Activity:
When you reach the line that contains "法令纹填充能维持多久?医生大神们帮我看看整哪里 下巴是必须的了。。", begin copying exactly, and continue through the last line of the data; no pictures belong in the copy.

Dataset content:
____

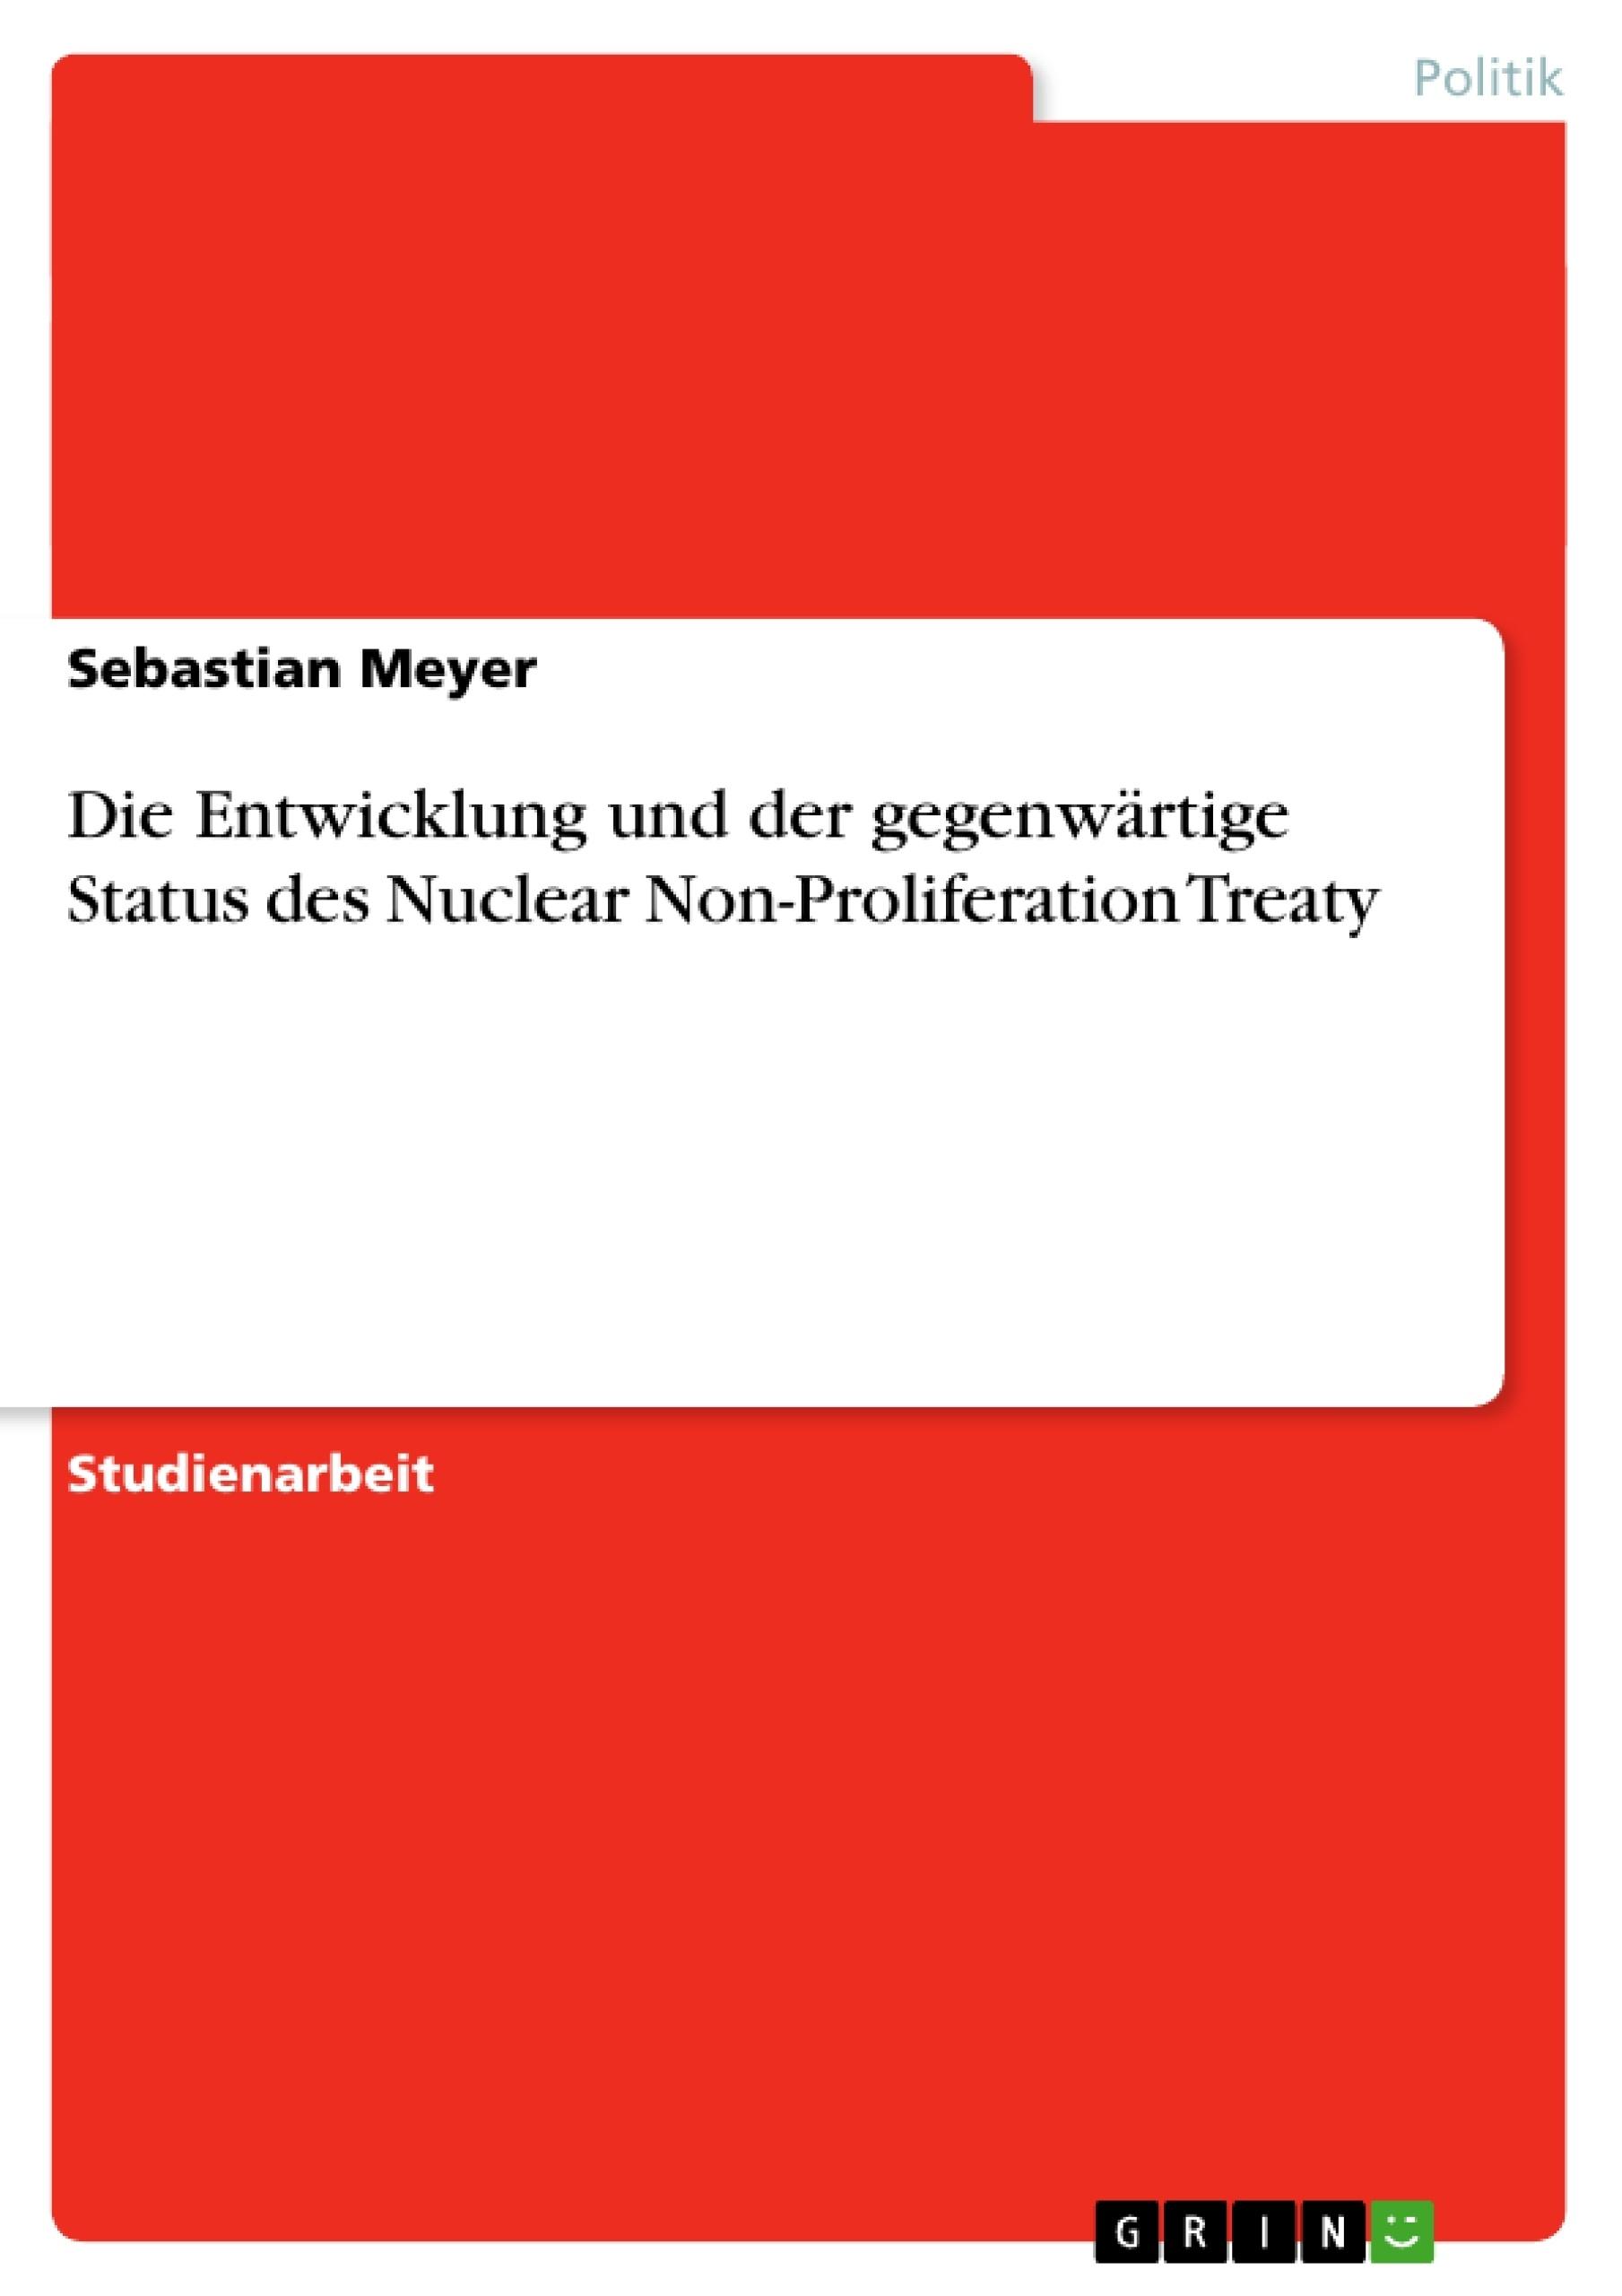 Titel: Die Entwicklung und der gegenwärtige Status des Nuclear Non-Proliferation Treaty
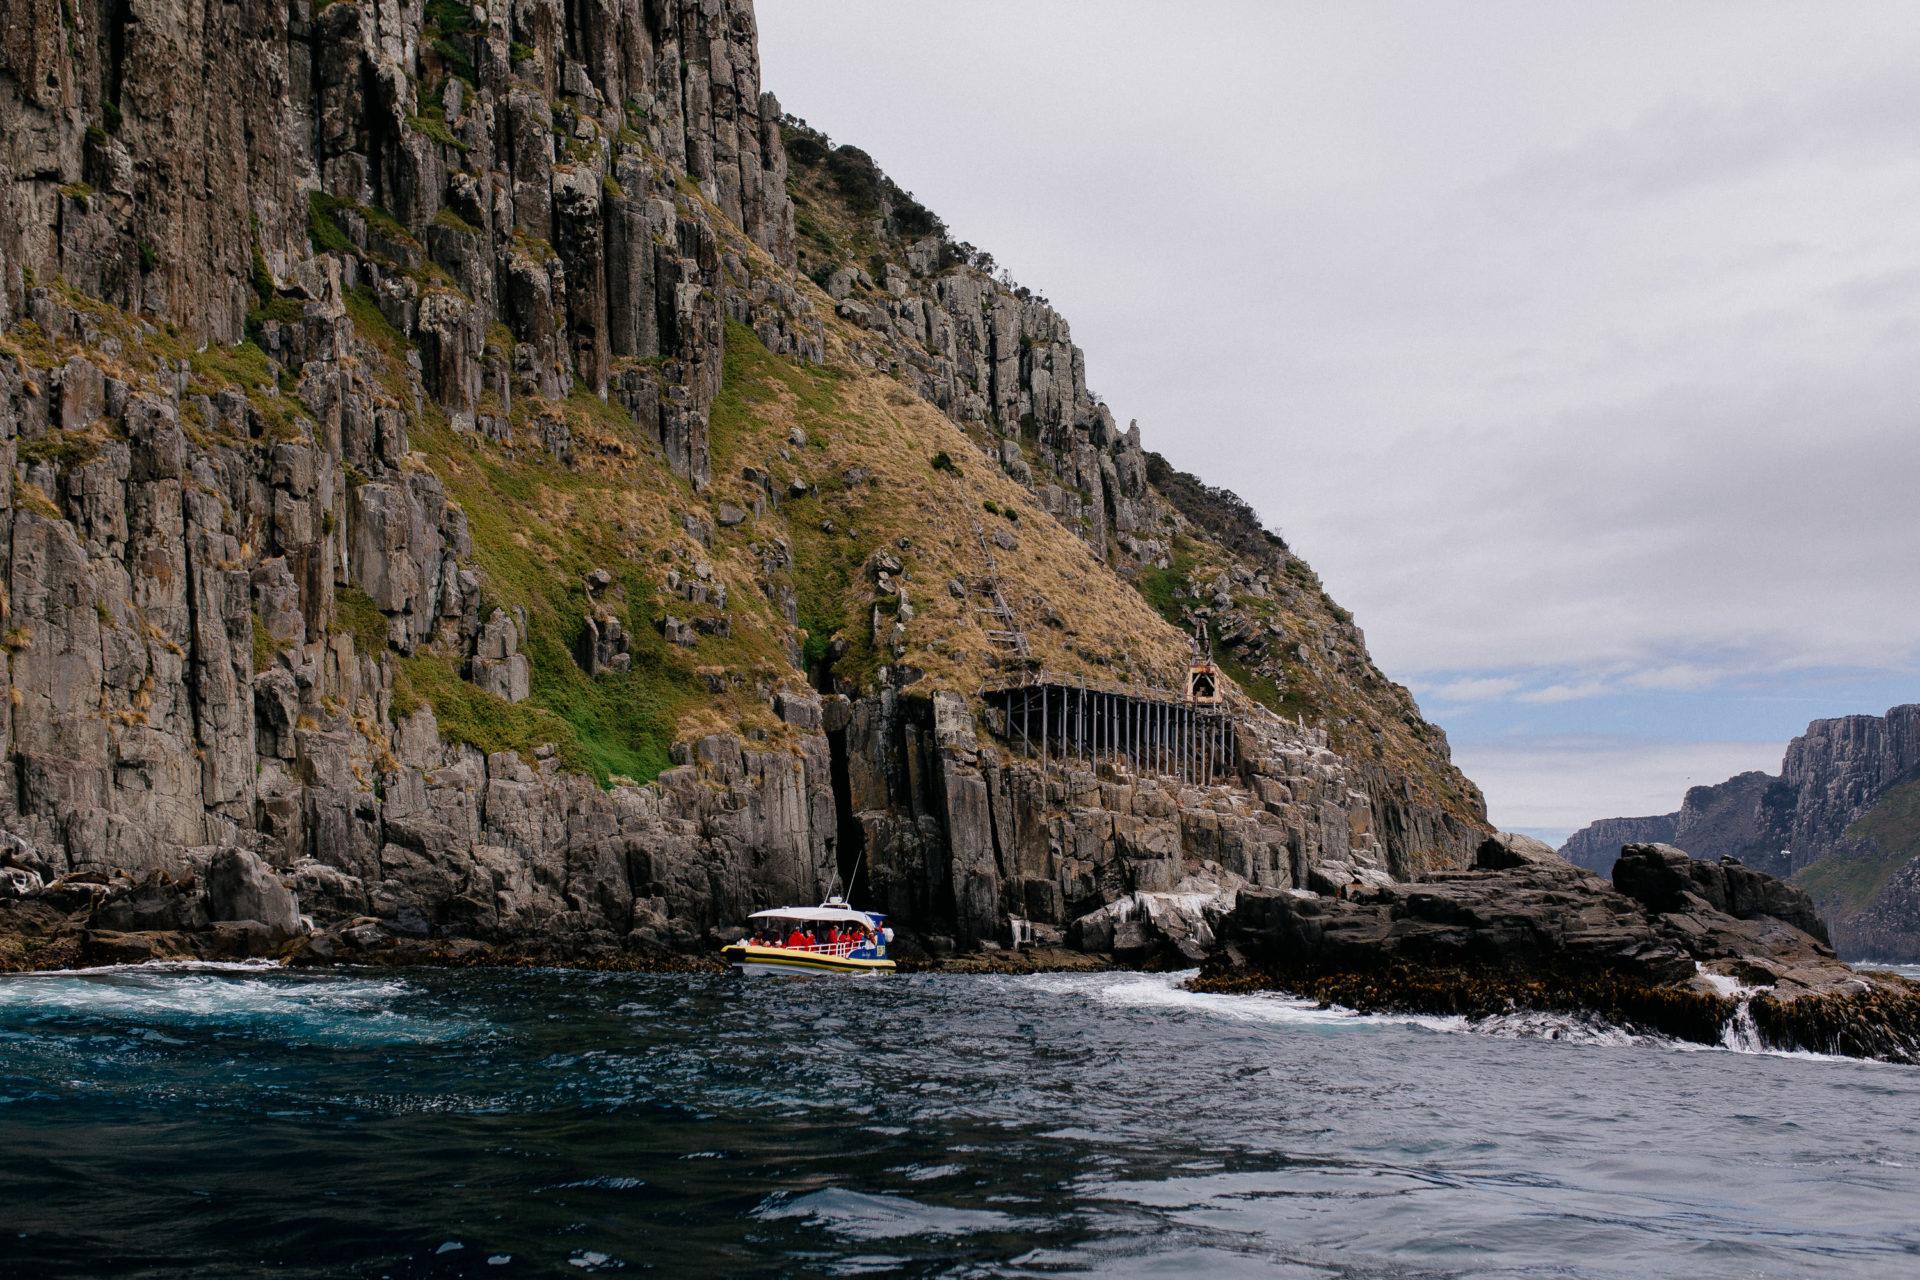 Tasmanien-erleben-roadtrip-rundreise-wunderschöne langschaften-port Arthur-bootstour-steilküste
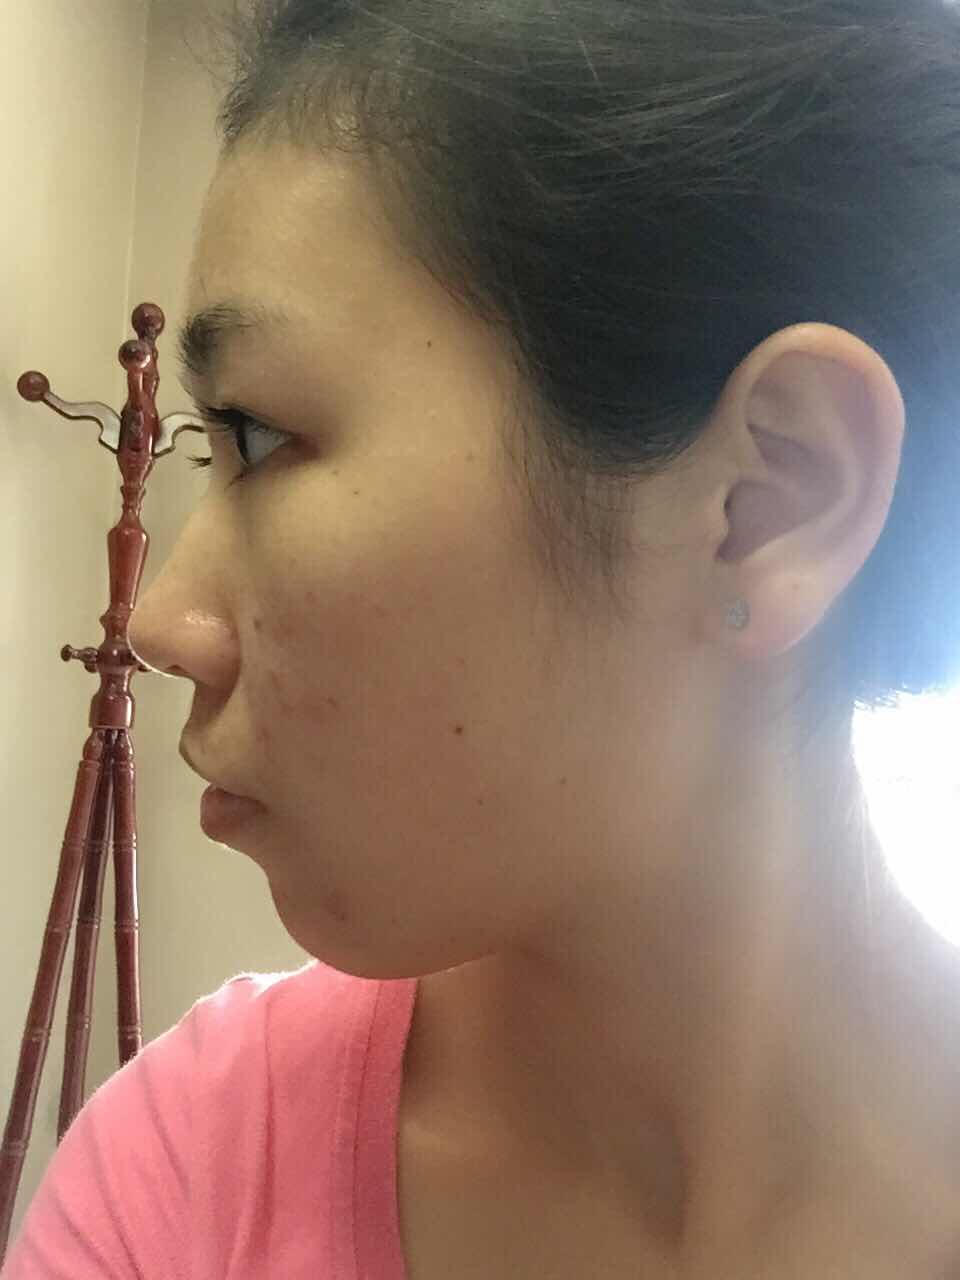 法令纹填充能维持多久?医生大神们帮我看看整哪里 下巴是必须的了。。
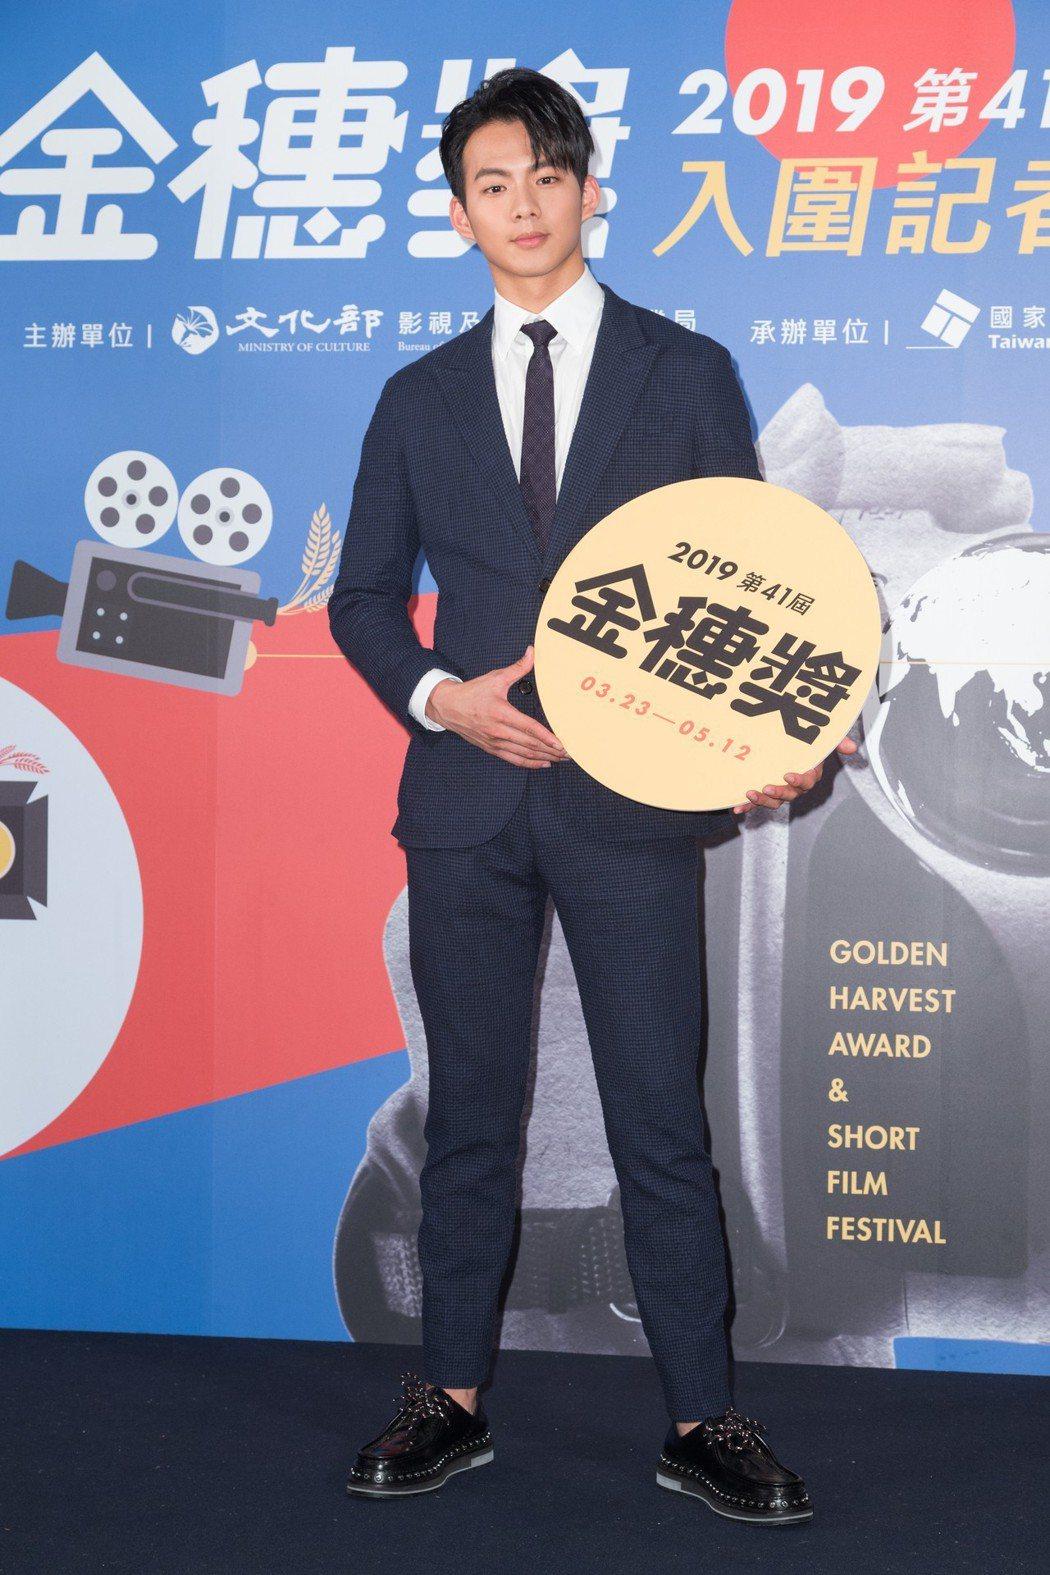 吳念軒擔任金穗獎大使。記者陳立凱/攝影

____

Result below:
 法令纹填充能维持多久?医生大神们帮我看看整哪里 下巴是必须的了。。
 吳念軒擔任金穗獎大使。記者陳立凱/攝影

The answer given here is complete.